Outwardly, Louis Philippe avoided much of the pomp and ceremony – and spending – which had dominated the reigns of his predecessors. Initially much loved by the French people, he soon became unpopular when it was clear that his government became increasingly conservative and many felt that it no longer truly represented the average citizen of France. Working conditions became worse, and the divide between the rich and the poor continued to widen. This, combined with the economic crisis of 1847, led to the French Revolution of 1848 and, once again, the end of the French monarchy.

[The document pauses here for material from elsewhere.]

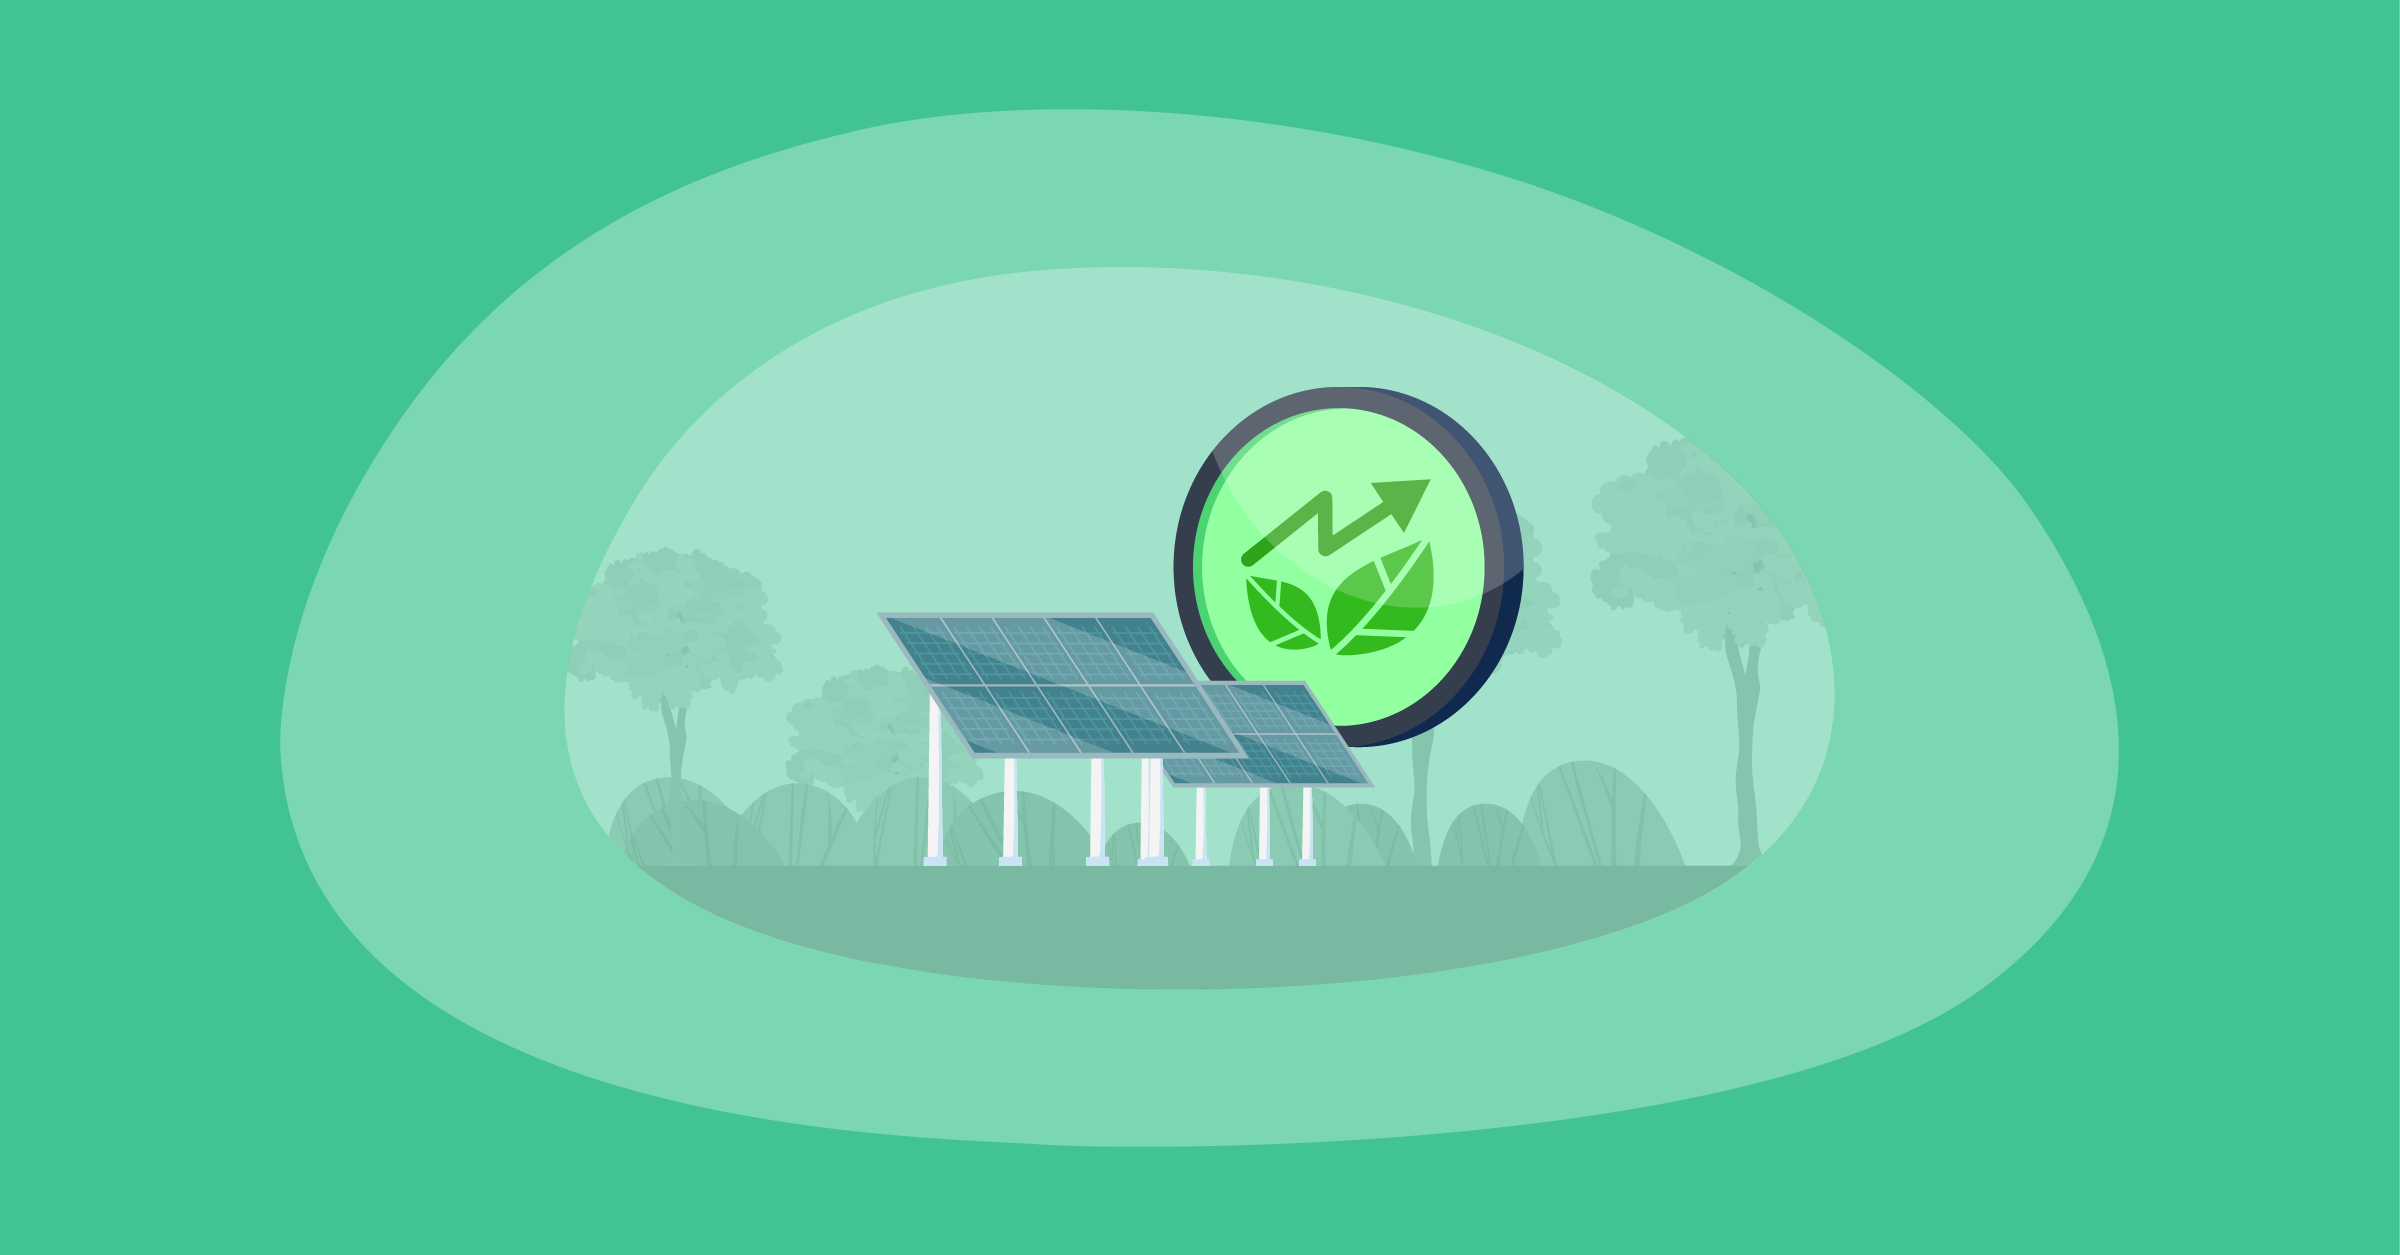 Illustration of the main environmental benefits of solar energy

On February 24, 1848, Louis Philippe abdicated in favor of his grandson, Philippe, Count of Paris. Afraid that he may be imprisoned and executed, he quickly left Paris, and using a disguise, made his way to England. Two days later, the Second Republic was declared, once again ending the monarchy in France.
In England, Louis Philippe and his wife took up residence at Claremont, a country house in Surry. Claremont had a significant royal history. It had originally been purchased as a home for Princess Charlotte of Wales and her husband, Leopold of Saxe-Coburg and Gotha (later King Leopold I of the Belgians). After Charlotte’s death, Leopold retained ownership of the house until his death in 1865. However, after becoming King of the Belgians in 1831, he gave use of the estate to his niece, Queen Victoria. Victoria, in turn, loaned the house to Louis Philippe and Marie-Amelie, who were the parents-in-law of King Leopold (from his second marriage to their daughter, Louise Marie). It would later become the home of Queen Victoria’s son, Leopold, Duke of Albany, following his marriage in 1882.
King Louis Philippe died at Claremont on August 26, 1850. He was buried at St. Charles Borromeo Chapel in Weybridge. In 1876, ten years after his wife’s death, both of their remains reinterred at the Chapelle royale de Dreux in France.